Guidelines on content

Develop a styleguide just for e-mail.

Provide a database of boilerplate answers.

Set up detailed guidelines for responses

Set up an auto-responder to reply within a few seconds, saying, "Thanks for your message, I'll get back to you within 24 hours."

People suspect their e-mail will go wrong. So getting an immediate response is reassuring, even if the text is boilerplate. (Of course, you ought to put your full name, address, and phone in there, too, as evidence of your good faith).

Then beat their expectations by responding within 6 hours.

Don't let a day go by without a response. You must set some kind of deadline for replies.

The sign of a mature site is absolute determination to reply within a few hours. Beginning sites often neglect this little touch, making thousands of customers mad enough to vow never to return.

Resource:

E-mail responses to customers, chapter from Hot Text, Web Writing that Works (PDF, 995K, or about 18 minutes at 56K)

 

Guidelines on content

Set some limits on what respondents can say, too. They must not:

  • Preannounce products or services
  • Promise repairs that may not materialize,
  • Swear that if the reader just follows the advice everything will work like a well-oiled machine.

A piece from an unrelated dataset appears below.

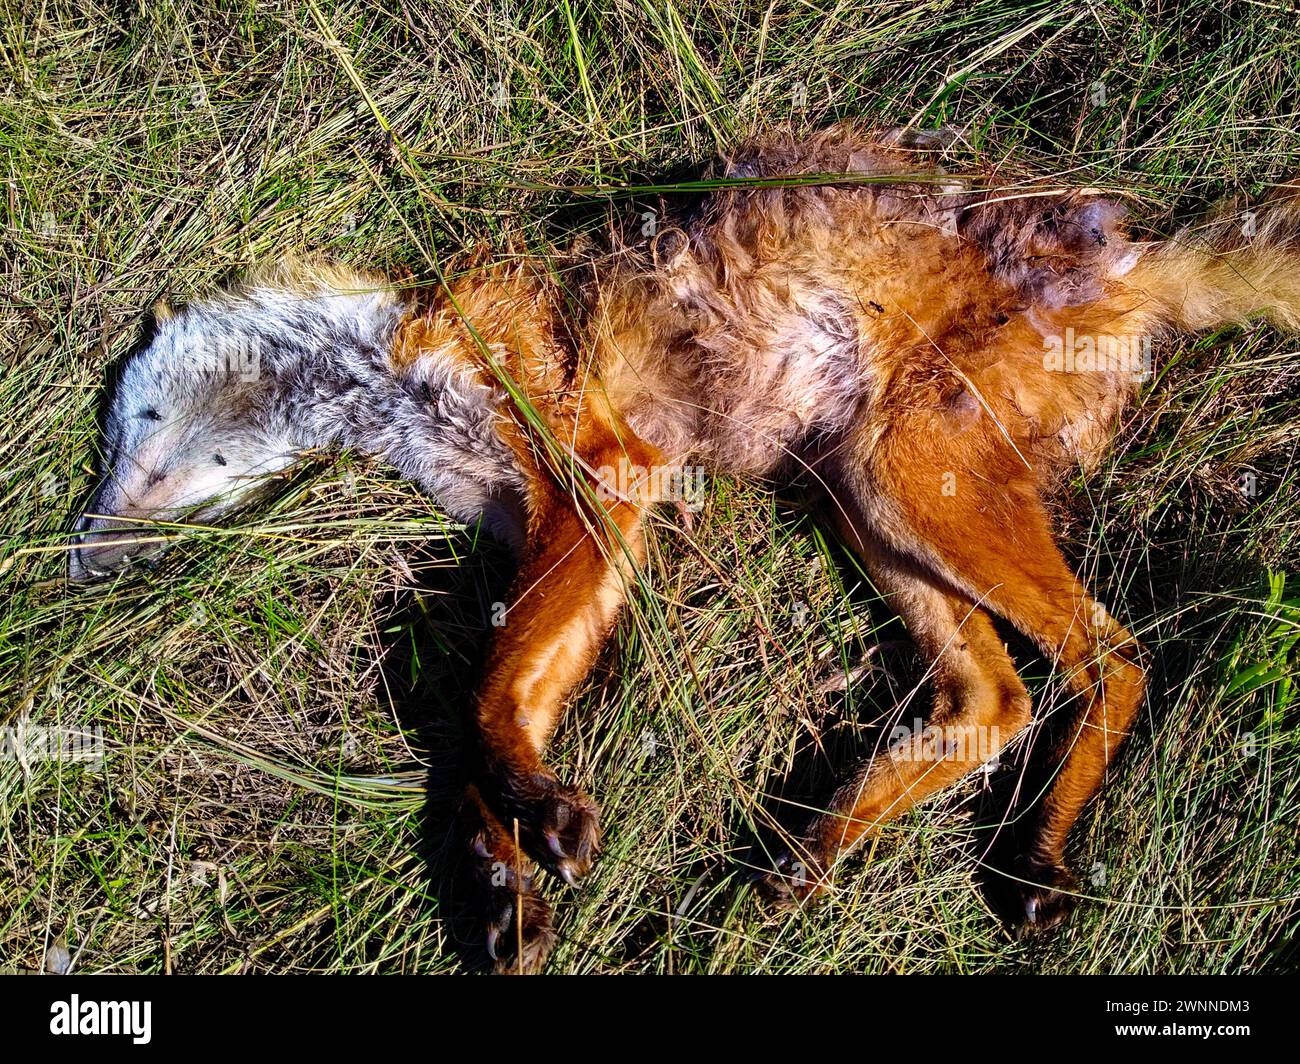 Ein verstorbenes Tier mit braunem Fell liegt in hohem grünen Gras, dessen Körper teilweise zersetzt ist. Die Leiche eines toten Fuchs. Das tote Tier zersetzt sich auf dem gr Stockfoto

Develop a styleguide just for e-mail.

A styleguide lays down the law for your customer service reps. In the styleguide, you should:

  • Define the exact capitalization, spelling, punctuation of product names, departments, technical terms, so you are consistent within your message, and if anyone else writes to the same customer, the text looks as if it comes from the same company.
  • Ban e-mail abbreviations like BTW ('by the way"), and THX ("Thanks") because some people imagine those are airports, or car models.
  • Keep it clean.  No swearing.  No snide comments about stupid users.
  • Keep it legal. No attacks on a gender, age group, religion, ethnic group, nationality, area of the country...you know the drill. 
  • Offer standard patterns for responses, so reps know how to organize a reply.

Provide a database of boilerplate answers.

These are not enough, but you need standard troubleshooting guides, and regular procedures.  Your customer service reps must have some advice they can take off the shelf, and plug into their responses. 

You must keep filling up the database, as you track new questions. Make sure you have someone writing new content, full time. And make it easy for reps to find the content by thinking carefully, and filling in the fields for symptoms, or problems.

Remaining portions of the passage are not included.